• _EXERCISE INSTRUCTIONS_
Please write out the full listing beneath this line exactly, skipping its images.

+++ DATA EXCERPT +++

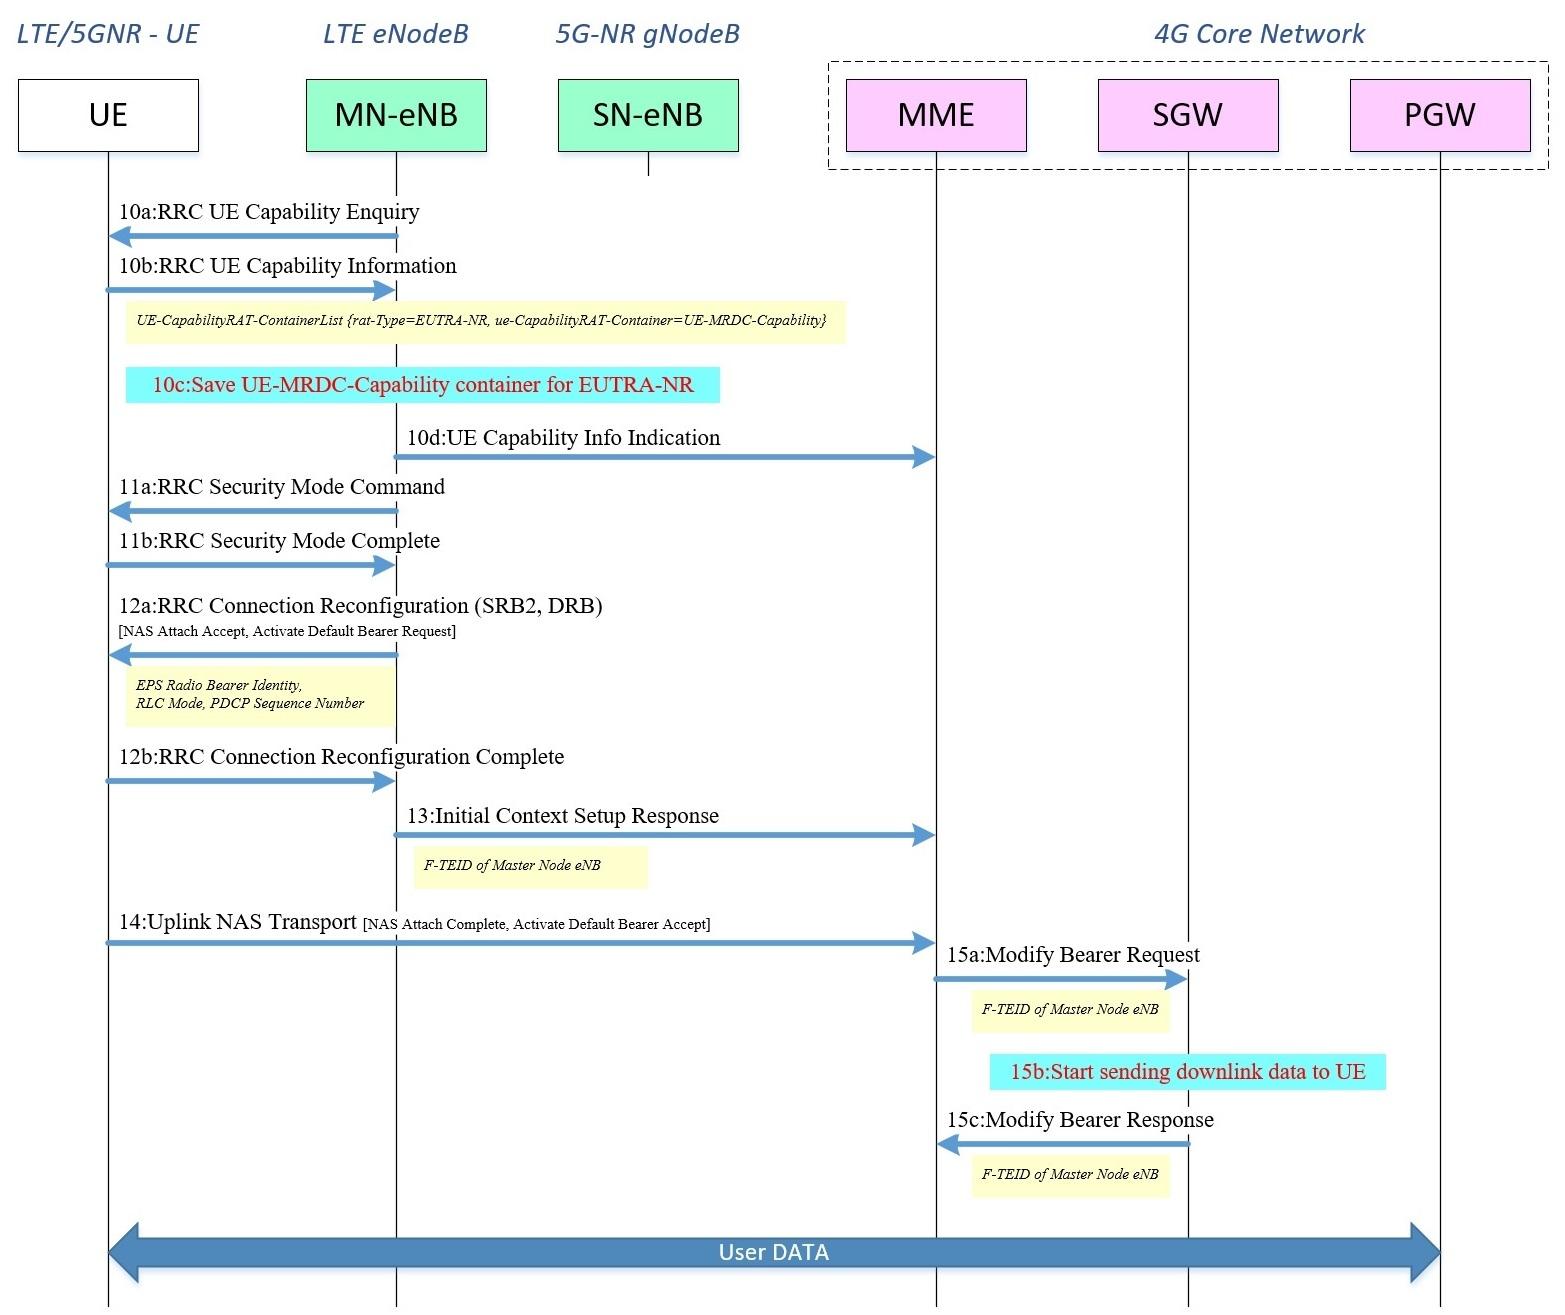 Подключение пользовательского терминала к сети 4G-LTE - attach procedure, продолжение
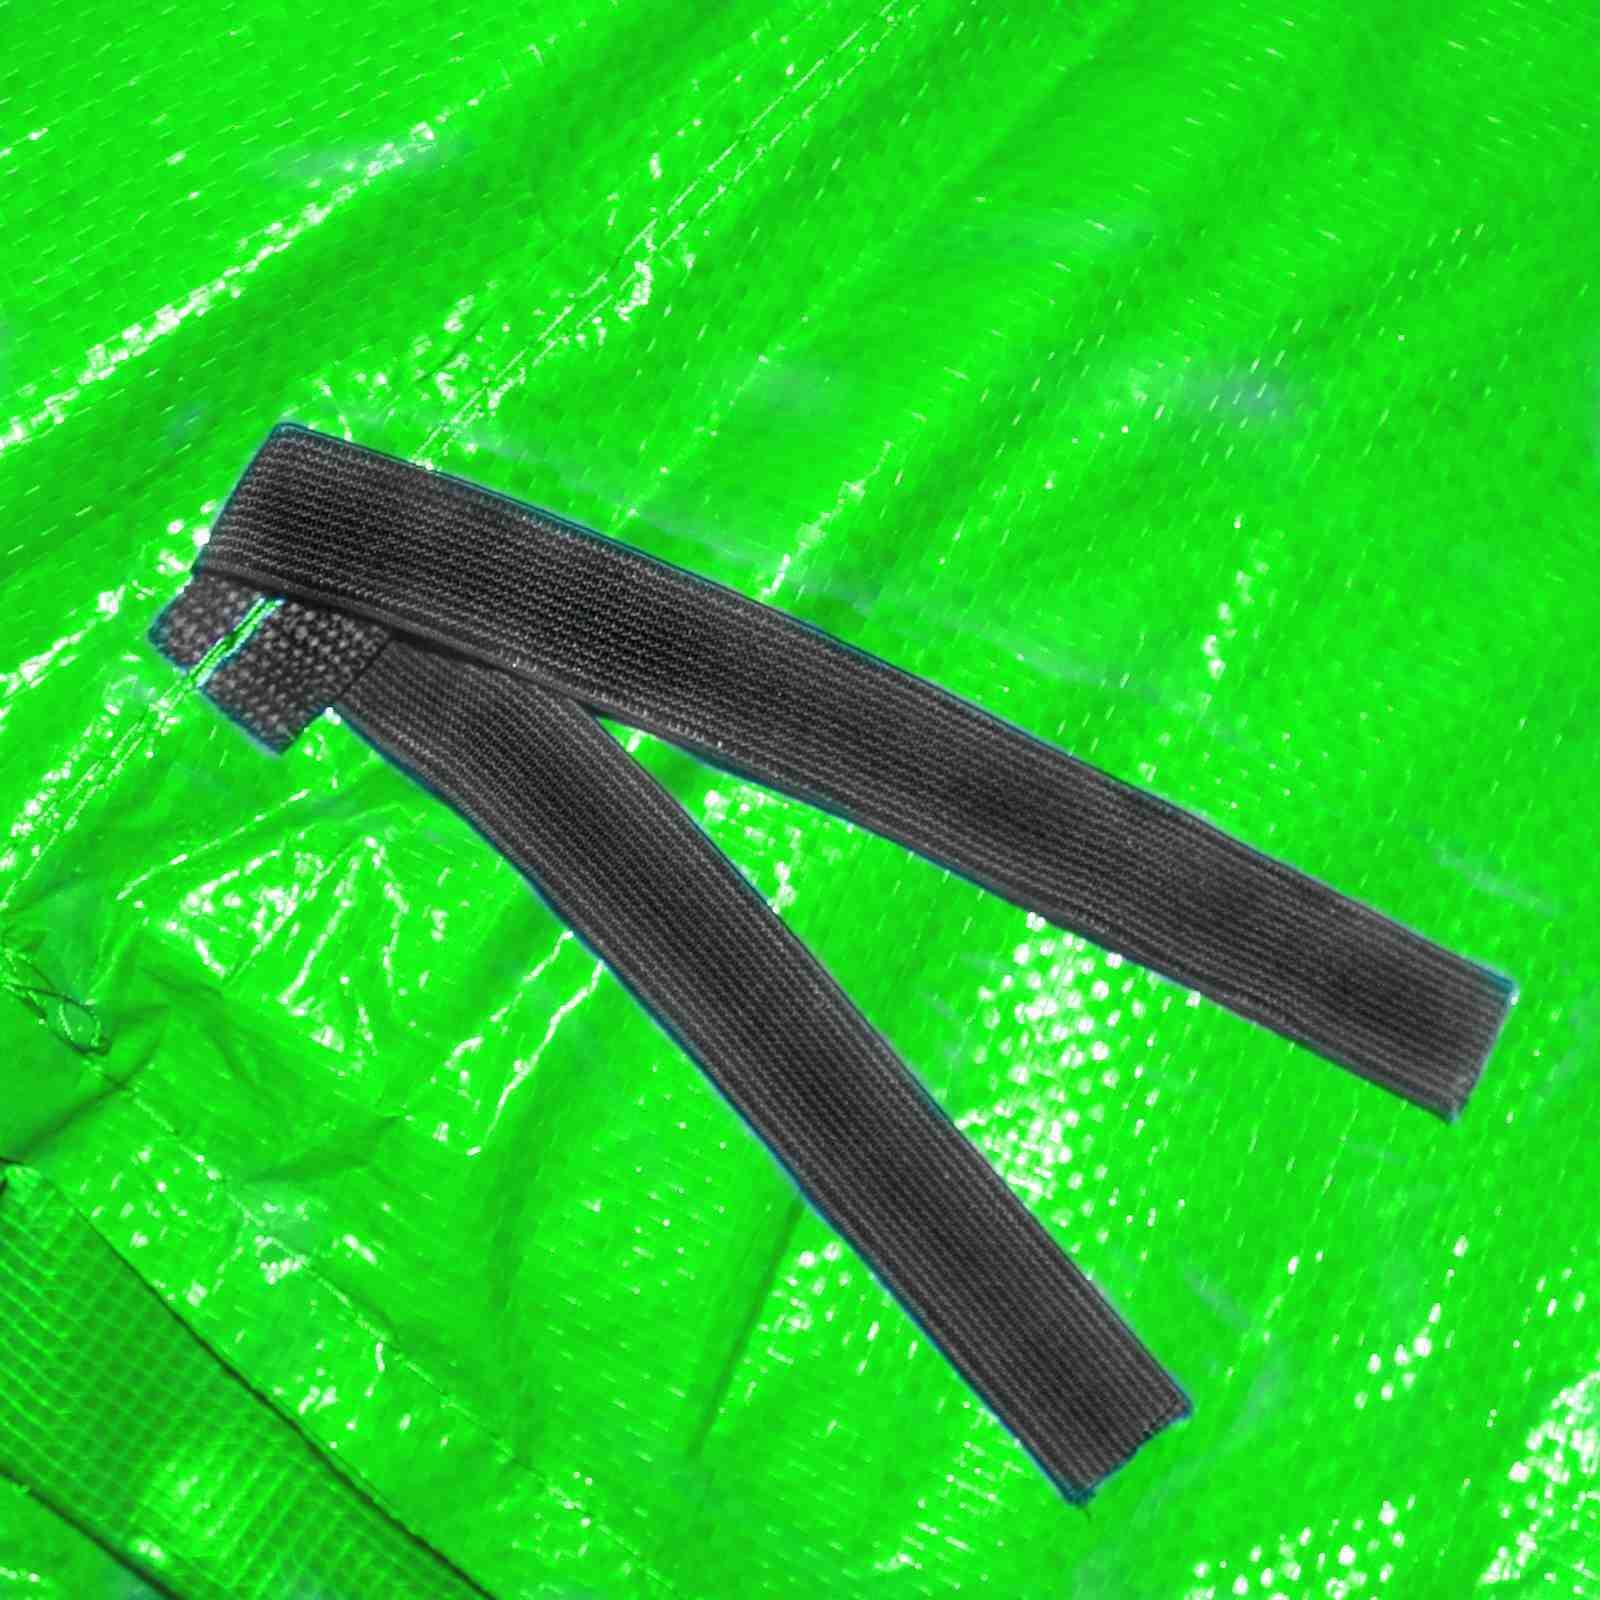 Randabdeckung Randpolsterung Abdeckung Abdeckung Abdeckung in hellgrün für Trampolin 487 bis 490 cm 3bdf9d
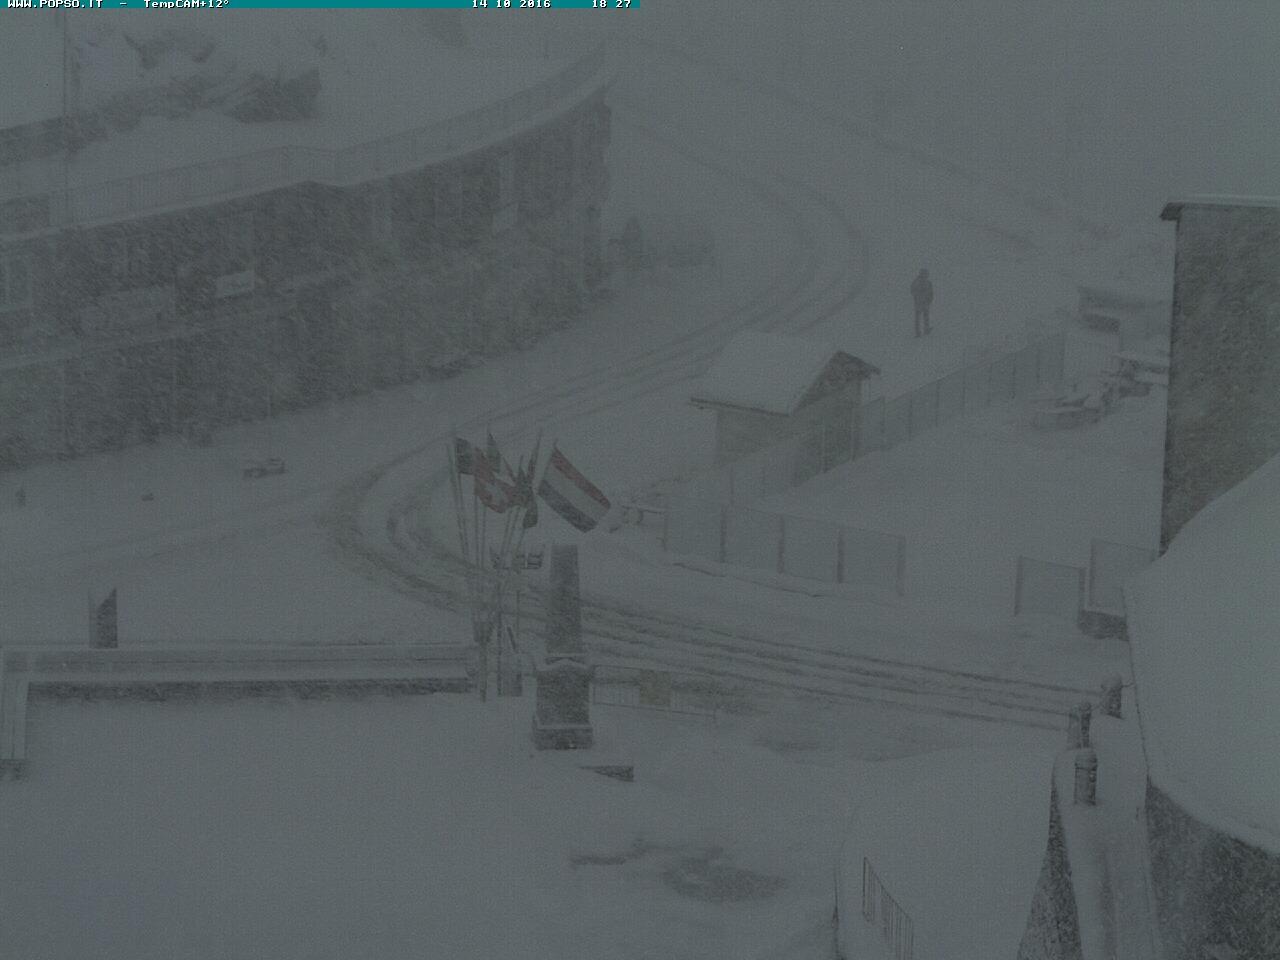 Violentissima bufera di neve in atto sul Passo dello Stelvio: le immagini in diretta streaming [LIVE]

+++

• _SOLUTION FOR THIS EXERCISE_
 Подключение пользовательского терминала к сети 4G-LTE - attach procedure, продолжение
 Randabdeckung Randpolsterung Abdeckung Abdeckung Abdeckung in hellgrün für Trampolin 487 bis 490 cm 3bdf9d
 Violentissima bufera di neve in atto sul Passo dello Stelvio: le immagini in diretta streaming [LIVE]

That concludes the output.